The present invention relates to the stabilisation of a magnetic field of a magnetic resonance imaging (MRI) apparatus, generated by permanent magnets, against variation of temperature due to operation of gradient coils.
A magnetic field with a high degree of stability and homogeneity is essential for the successful application of a number of analytical techniques such as MRI. Assemblies comprising large amounts of permanent magnetic material can be used for the generation of such magnetic field.
Most permanent magnetic materials with sufficient energy density to be useful for these applications are generally sensitive to temperature variations. MRI devices require a controlled and rapid temporal or spatial variation of the principal magnetic field component. This is achieved by so called gradient coils. The gradient coils are generally located near the pole pieces, which include the permanent magnetic material. The gradient coils can dissipate a considerable amount of heat. Even though the gradient coils are cooled by air or by liquid such as water, it is difficult to avoid a temperature rise after operation of the gradient coils. This increase of temperature will result in a flux of heat into the rest of the magnetic structure and will result in an increase of the temperature of the permanent magnetic material. The temperature increase will result in a drift of the magnetic field which will adversely effect the quality of the image.

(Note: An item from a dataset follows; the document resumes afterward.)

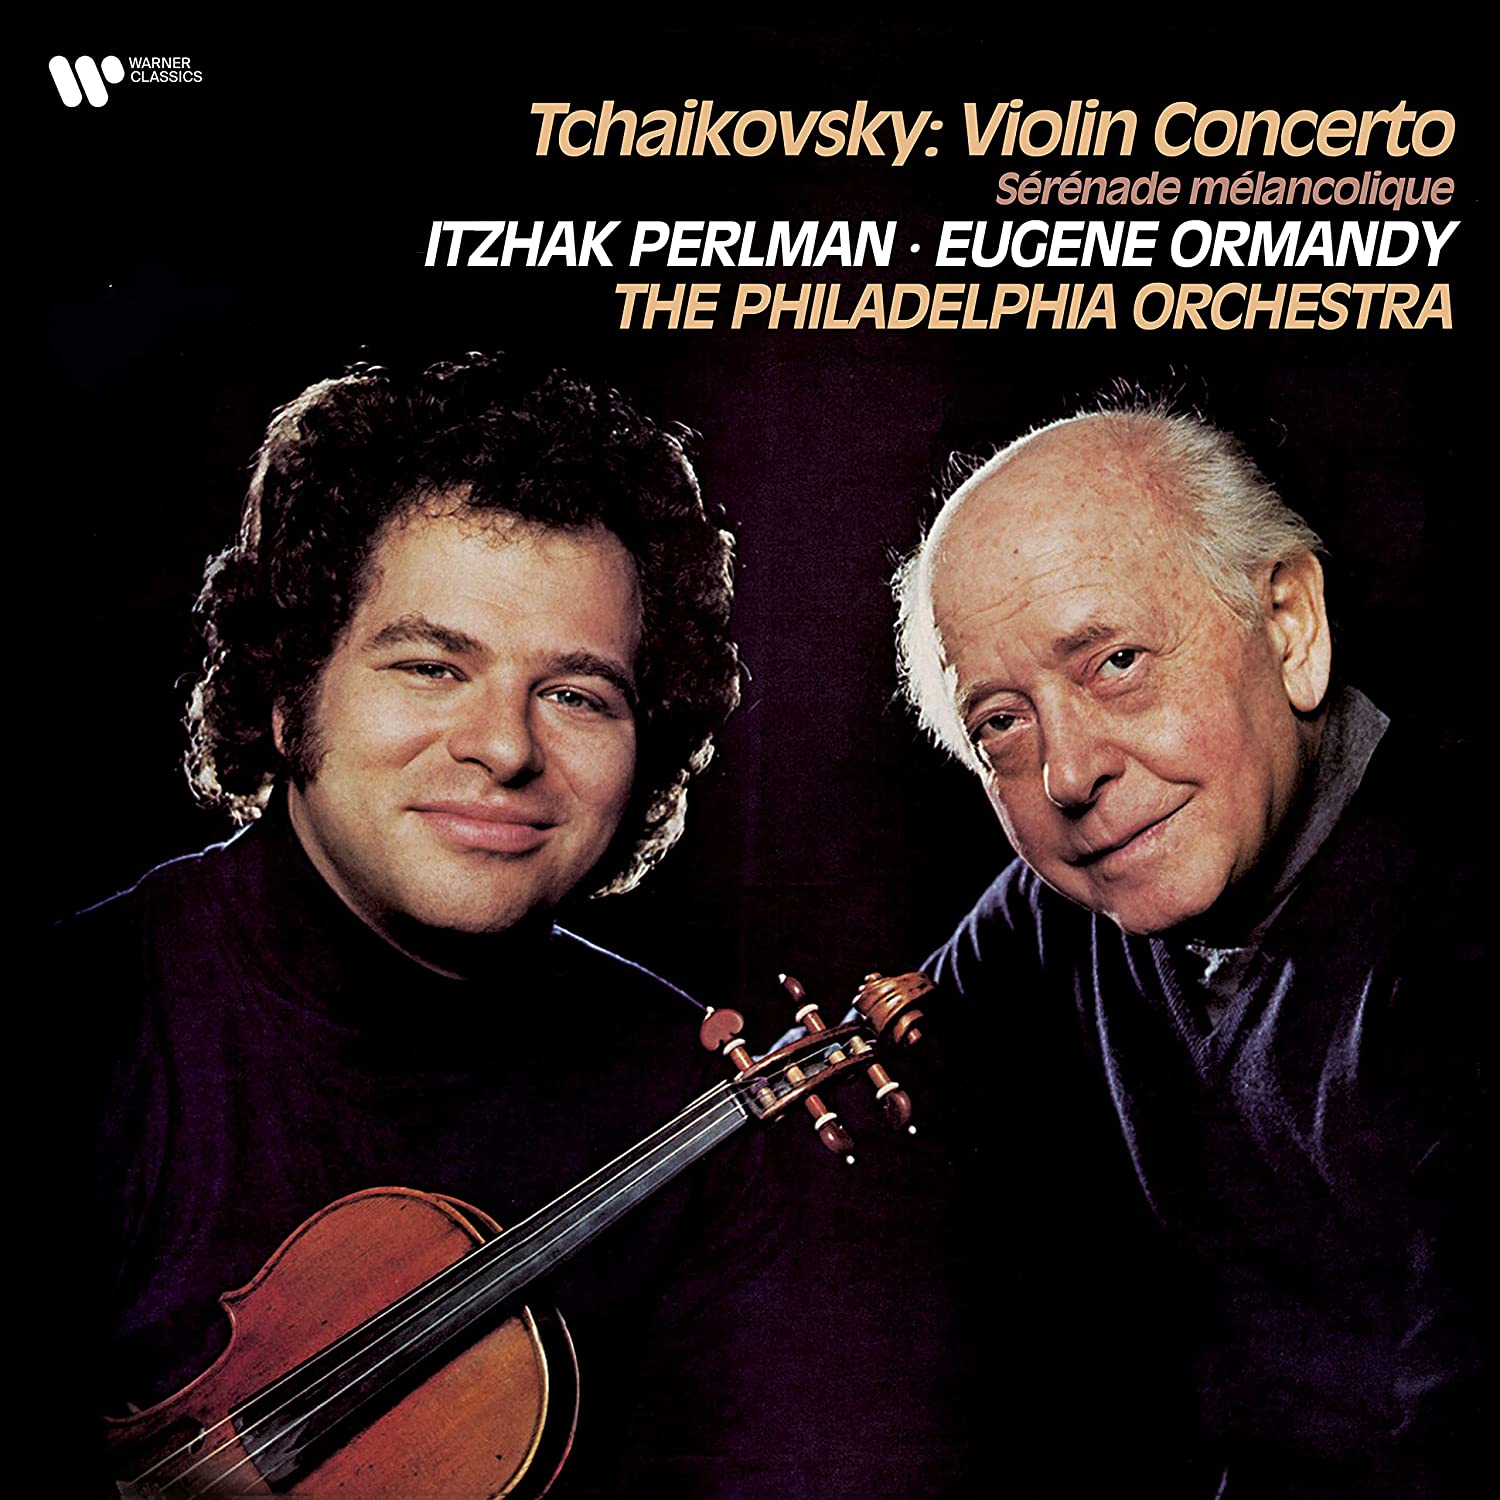 Виниловая Пластинка Itzhak Perlman, Philadelphia Orchestra, Eugene Ormandy, Tchaikovsky: Violin Concerto & Serenade Melancolique (0190296158803) виниловая пластинка david bowie sergei prokofiev eugene ormandy the philadelphia orchestra benjamin britten peter and the wolf young person s guide to the orchestra lp 180 gram

An aim of the present invention is to provide means to minimise variations of the temperature of the permanent magnetic assemblies when gradient coils are operated.

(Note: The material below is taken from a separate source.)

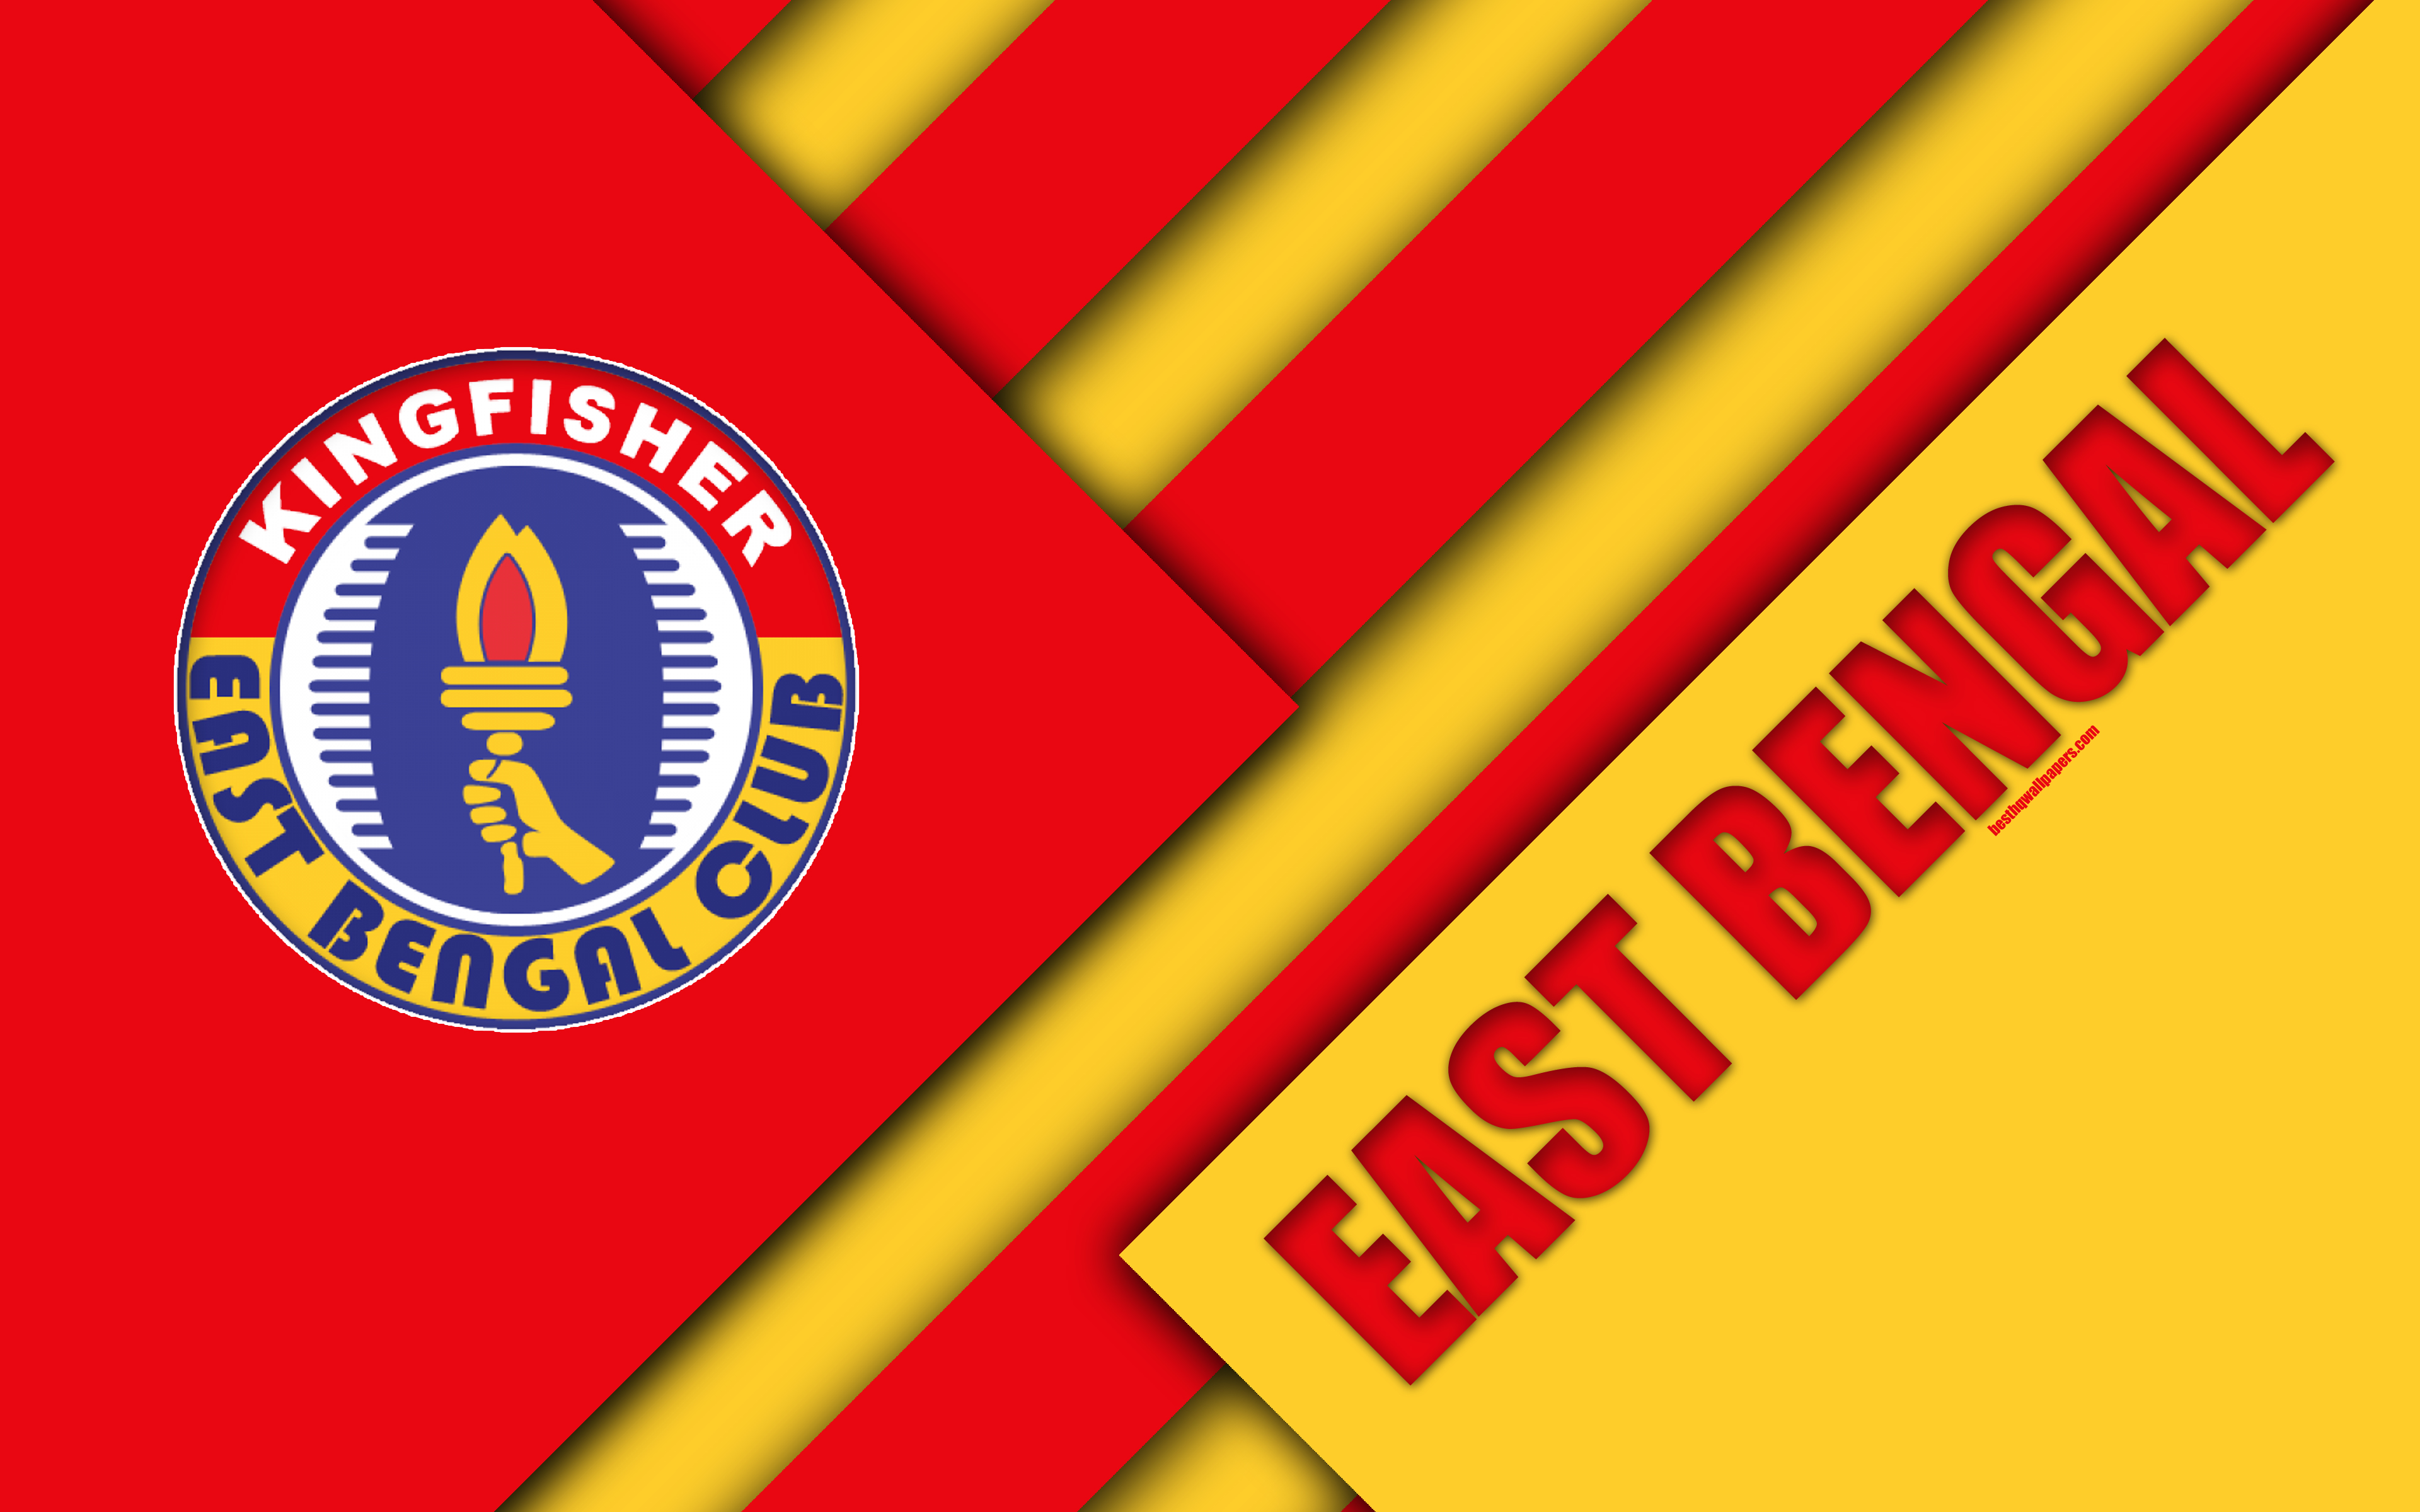 Download wallpaper East Bengal FC, 4k, Indian football club, red

JP-A-5212012 discloses a magnetic resonance imaging system in which a permanent magnet is held at a prescribed temperature. A feedback system is provided which comprises a sensor and temperature control means for holding the permanent magnet at the prescribed temperature. The temperature control means comprises heat conducting means in the form of a plurality of heat pipes connected to a fin arrangement which can either be heated by a heater incorporated therein or cooled by a fan in accordance with the detected temperature. The sensor is mounted on one of the heat pipes for detecting the temperature caused by heat generation at a gradient magnetic field coil and provides signals for controlling the heat conducting means provided between the gradient coil and the permanent magnet to maintain the prescribed temperature.

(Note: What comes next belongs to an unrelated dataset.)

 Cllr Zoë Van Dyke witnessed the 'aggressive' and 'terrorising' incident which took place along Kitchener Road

According to the present invention there is provided a magnetic resonance imaging device comprising: gradient coils; a yoke; a number of permanent magnet assemblies mounted on the yoke; a plate having good thermal conductivity and being positioned between said permanent magnet assemblies and said gradient coils, each magnet assembly being in thermal contact with a plate; one or more temperature sensors associated with said plate; and a control circuit; characterised in that the device further comprises current measurement means for measuring current supplied to said gradient coils, and a plurality of thermoelectric heat pumping devices connected to said plate and which are controlled by said control circuit in accordance with input signals from said temperature sensors and said current measurement means so that the overall heat generated by said thermoelectric heat pumping devices and said gradient coils is kept constant and is dissipated by said yoke.
In one embodiment of the present invention, the thermoelectric heat pumping devices are fitted on a face of the plate between the gradient coils and the permanent magnetic material.
In another embodiment of the present invention, the thermoelectric heat pumping devices are fitted to an edge of said plate.